We’re used to seeing action legend Sylvester Stallone on the big screen, but he’s no stranger to TV as well—for our money his guest spot on The Muppet Show is an all-timer. But he’s never starred in a scripted television drama before…until now. Fans of the Rocky and Rambo actor best strap in, because Tulsa King is now streaming on Paramount+.

Additionally, our mates at Paramount+ have let us know that for a limited time, the full first episode of Tulsa King can be watched outside of the paywall.
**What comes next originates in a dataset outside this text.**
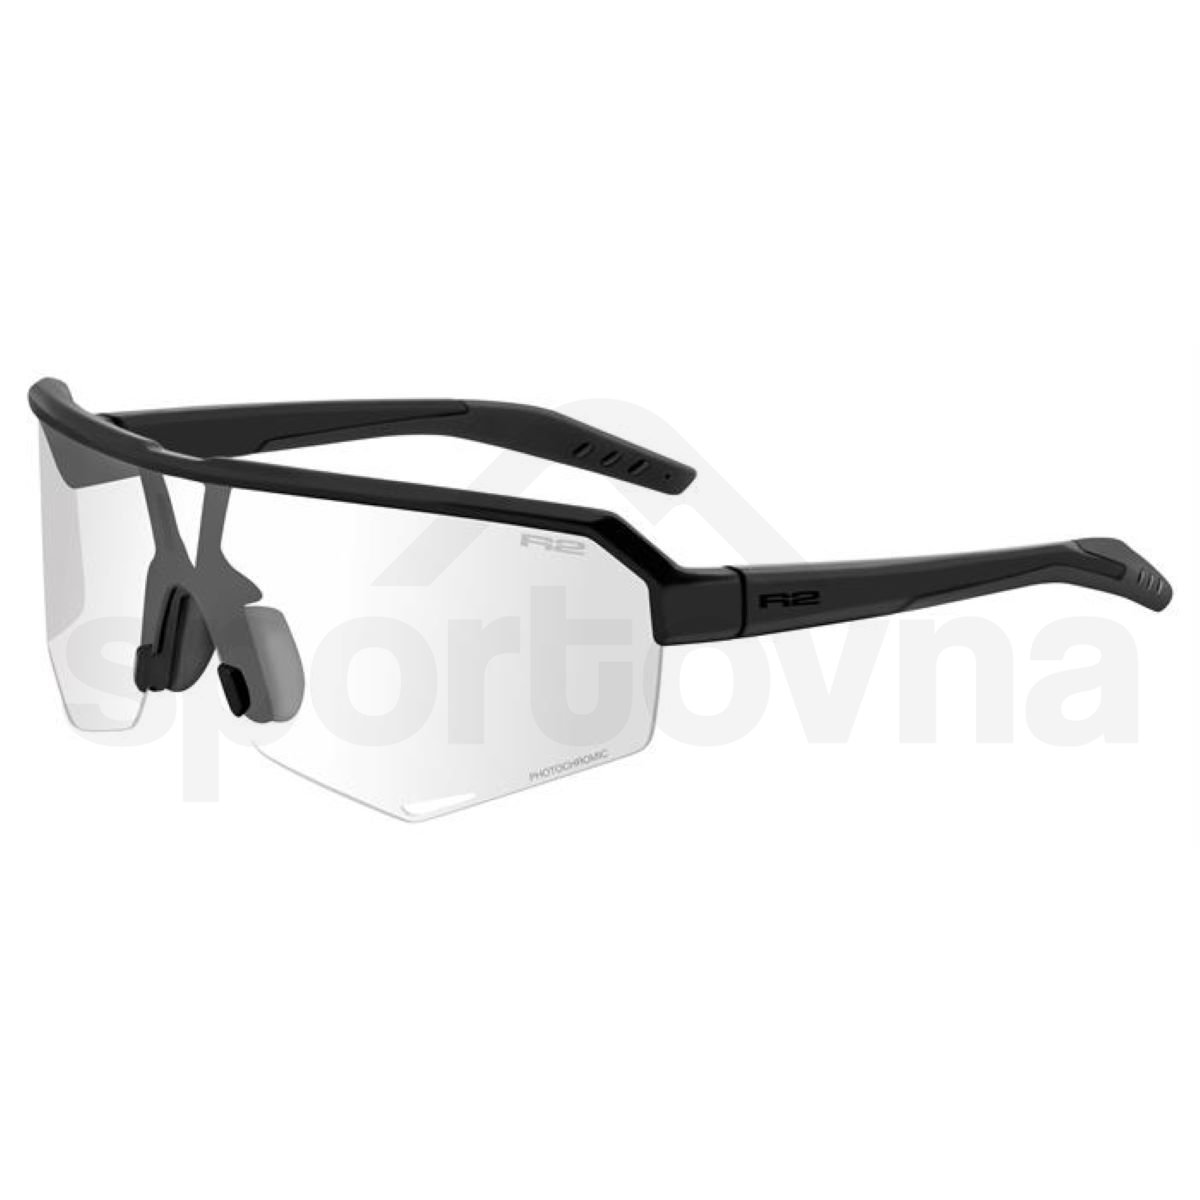 Sportovní brýle R2 Fluke - černá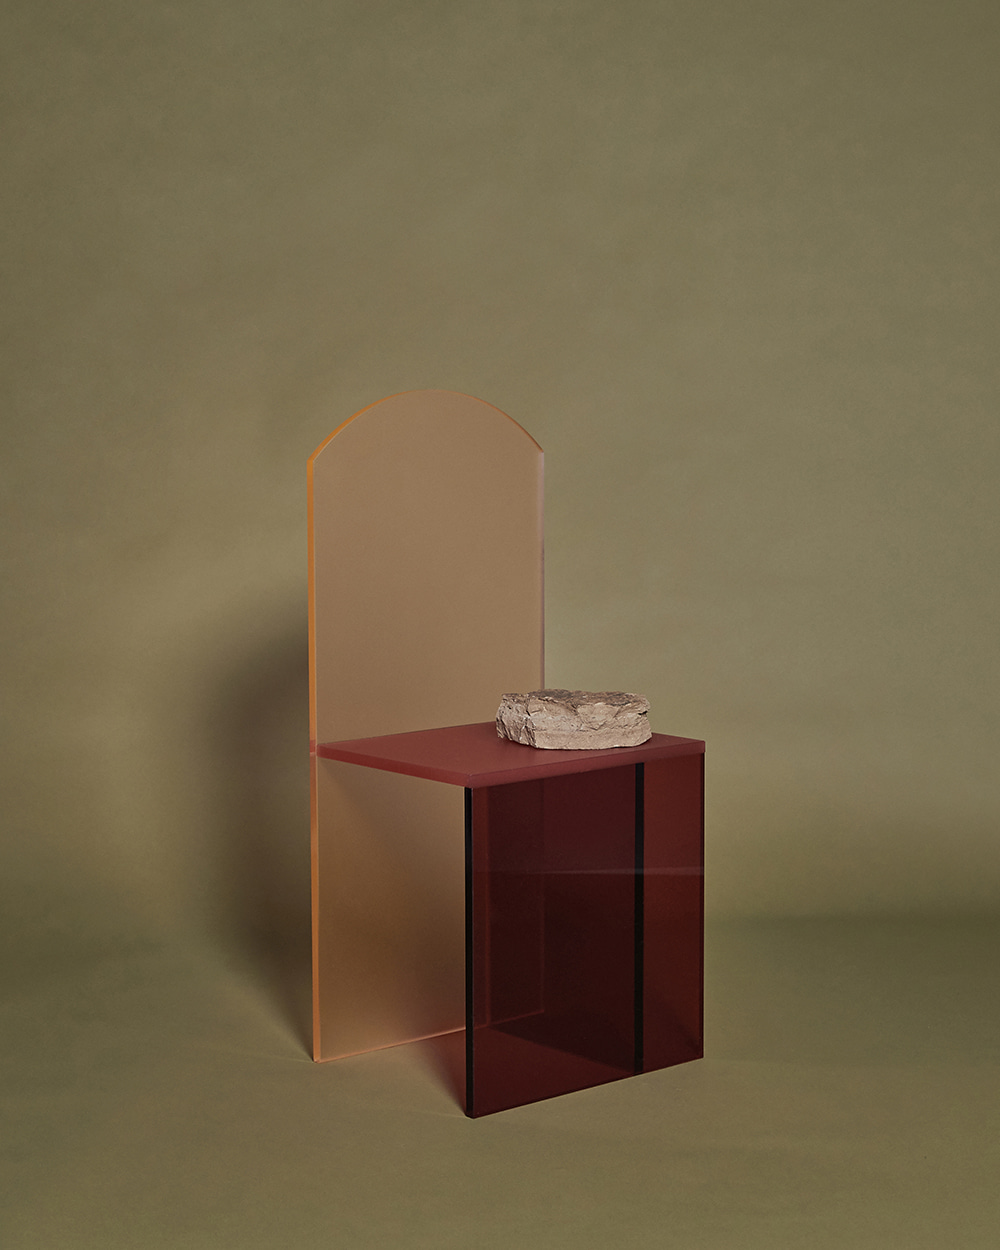 [ ARA JO ] Red Chair Object

If you’d like to give the show a taste test, make sure to check out the pilot for free before it leaves on December 4.

Brought to us by Taylor Sheridan, the Oscar-nominated actor-turned-creator behind the deathlessly popular Yellowstone franchise, Tulsa King sees Sly as mob capo Dwight “The General” Manfredi, who we meet when he’s getting out of prison after serving a 25 year stretch. Expecting to be richly rewarded for his silence by his Long Island crime family, he’s instead dispatched to Tulsa, Oklahoma to set up Mafia operations there—effectively being promoted and demoted at the same time.

But Dwight is a man with a work ethic and he commits to the bit with gusto, recruiting an Uber driver, Tyson (Jay Will) as his chauffeur and right hand man, strong-arming a weed dispensary owner, Bohdi (Martin Starr) into paying protection over the latter’s protests that marijuana is legal now, and generally behaving like an urbane but ruthless bad-ass.

Tulsa King’s secret weapon is that it’s very funny. There are action beats (Sly punches a lot of people) but the real fun is in the fish-out-of-water shenanigans as the manly mafioso struggles to adapt not just to cowboy country Tulsa, but to the 21st century in general. Stallone isn’t afraid to poke fun at his age, either; one early scene has a casual hook-up react with absolute horror at the realisation that the 50ish-looking Dwight is actually in his 70s. He can still crack skulls when he needs to, though, and we’re betting that skill will come in particularly handy as Tulsa King progresses.